Wherein the content of the first and second substances,

the (k + 1) th image is obtained by transforming the pixel coordinates of the (k) th imagePixel coordinates of the image;

to predict the relative camera motion from sequence k to sequence k +1,

the predicted depth of the k image pixel; p is the image pixel coordinate, p_kIs the pixel coordinate of the kth image, K is the camera internal reference matrix; to input an image I_kTransforming to obtain a composite image

Since the image is a continuous discrete number, successive pixel coordinate values are obtained using a micro-bilinear interpolation, and a composite optical flow F is obtained therefrom_syn：

Unsupervised training assumes that the surface appearance of the same object between frames is also the same, and introduces structural similarity loss to learn structural information between adjacent frames on the basis of simple pixel-by-pixel difference, and uses the combination of L1 and SSIM loss as the loss of the reconstructed image:

wherein L is_p: a loss function result;

a structurally similar loss function; α is 0.85, SSIM is calculated using a window of 3 × 3 size, V is the adjacent frame effective co-view region;

in low texture scenes or homogeneous regions, the assumed photometric invariance can cause the problem of prediction holes, and in order to obtain smooth depth prediction, a first-order edge smoothing term loss is introduced:

wherein L is_s: smoothing the loss function result; d_i,j：

Representing an image parallax gradient;

representing the image edge probability map gradient, the subscript i, j representing the pixel coordinates; x, y denote pixel directions;_Ii,j: image (i, j) location pixel;

first derivatives in the x, y directions, respectively;

for dynamic objects, the joint image segmentation network performs a masking process, according to monadepth 2, using a binary mask, ignoring objects that move synchronously with the camera, which mask is automatically computed in the forward pass of the network:

wherein ω: a binary mask;

L_p(I_k,I_k+1): the image reconstruction loss function mentioned in text equation (3);

respectively showing the k < th > image, the composite image of the k < th > image and the (k + 1) < th > image; fine tuning by error joint training of the synthetic optical flow and RAFT optical flow networks:

L_f: jointly fine-tuning the loss function result;_flow: the image optical flow field is a common effective pixel area; f_R(p): RAFT network optical flow prediction results; f_syn(p): synthesizing an optical flow network optical flow prediction result;

in training, D is predicted through optical flow network for depth to structure consistency_k+1And D_kAlignment, compute depth consistency loss:

wherein L is_dc: a depth consistency loss function result; d_k(p): the kth image depth;

matching and calculating the depth of the k image through an optical flow network; s is a common effective area of the optical flow and the depth, so as to obtain consistent depth estimation;

in summary, the network total loss function L is:

L＝L_p+λ_sL_s+λ_fL_f+λ_dcL_dc (8)

wherein λ is_s、λ_fAnd λ_dcWeights representing losses of the terms, all losses being applied jointly to the deep network and the optical flow network.

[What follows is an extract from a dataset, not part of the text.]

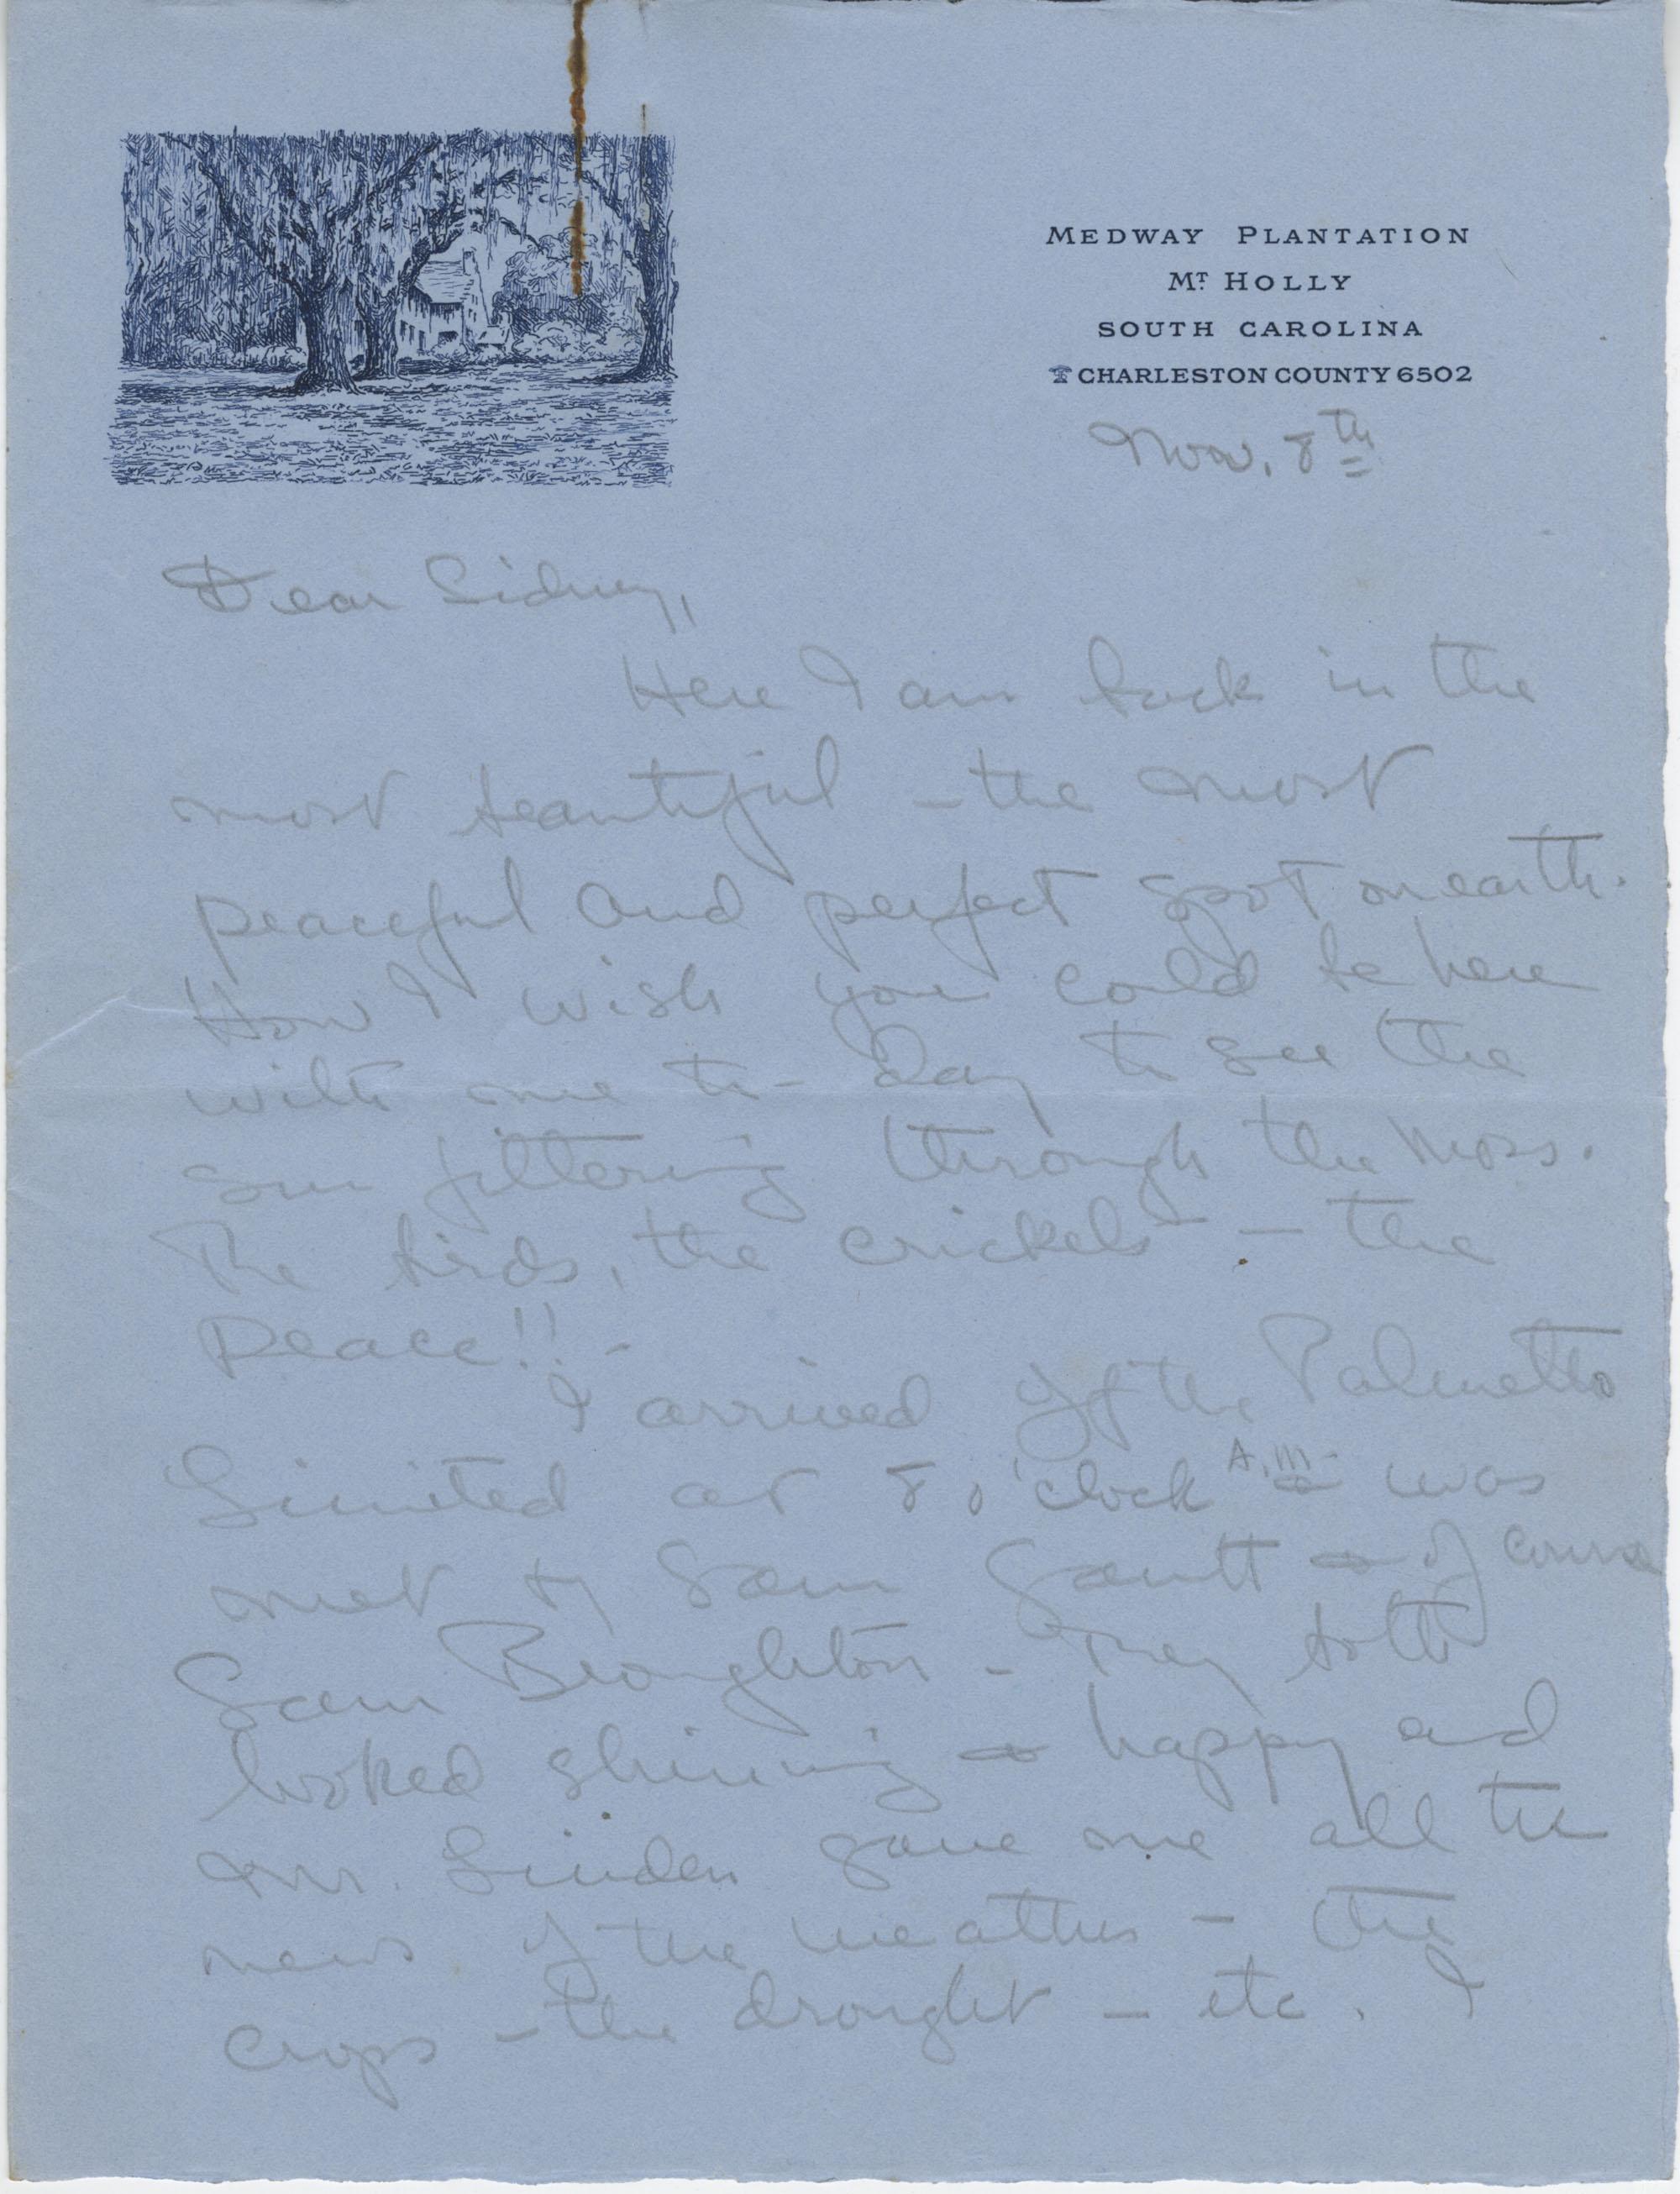 Letter from Gertrude Sanford Legendre, November 8, 1942

The design method of the monocular vision odometer based on unsupervised deep learning comprises the following specific steps:

(2-1) front-to-back optical flow uniformity: deriving a forward optical flow F from an optical flow network^fAnd backward optical flow F^bAnd calculates the front-back consistency d_F＝|F^f(p)+F^b(p+F^f(p))|²；

(2-2) sparse point sampling: dividing the image into 10 × 10 grid regions and taking d in each region_FThe first 20 sets of sparse matching points that are less than the threshold δ.

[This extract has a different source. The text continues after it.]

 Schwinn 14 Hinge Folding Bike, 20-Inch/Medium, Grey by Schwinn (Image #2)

The design method of the monocular vision odometer based on unsupervised deep learning comprises the following three specific steps:

(3-1) model selection: computing the essential matrix and homography matrix, and then computing the model score R_F，R_F＝S_F/(S_F+S_H)，S_F、S_HRespectively scoring for the F and R models; if R is_F>0.5, selecting a 2D-2D tracking mode; otherwise, selecting a 3D-3D tracking mode;

(3-2) dimension recovery: normalized camera motion derived from essential matrix decomposition for 2D-2D tracking mode

R represents a rotation matrix, and R represents a rotation matrix,

represents a displacement vector with a modulo length of unit 1; then, the triangularization method is used for carrying out scale alignment, and the scale factor s is recovered to obtain

Which is indicative of the motion of the camera(s),

representing the actual displacement length obtained by scale recovery; for the 3D-3D tracking mode, an ICP mode is used for solving to obtain T_k→k+1＝[R|t]，[R|t]Representing the motion pattern of the camera and t representing the camera displacement vector.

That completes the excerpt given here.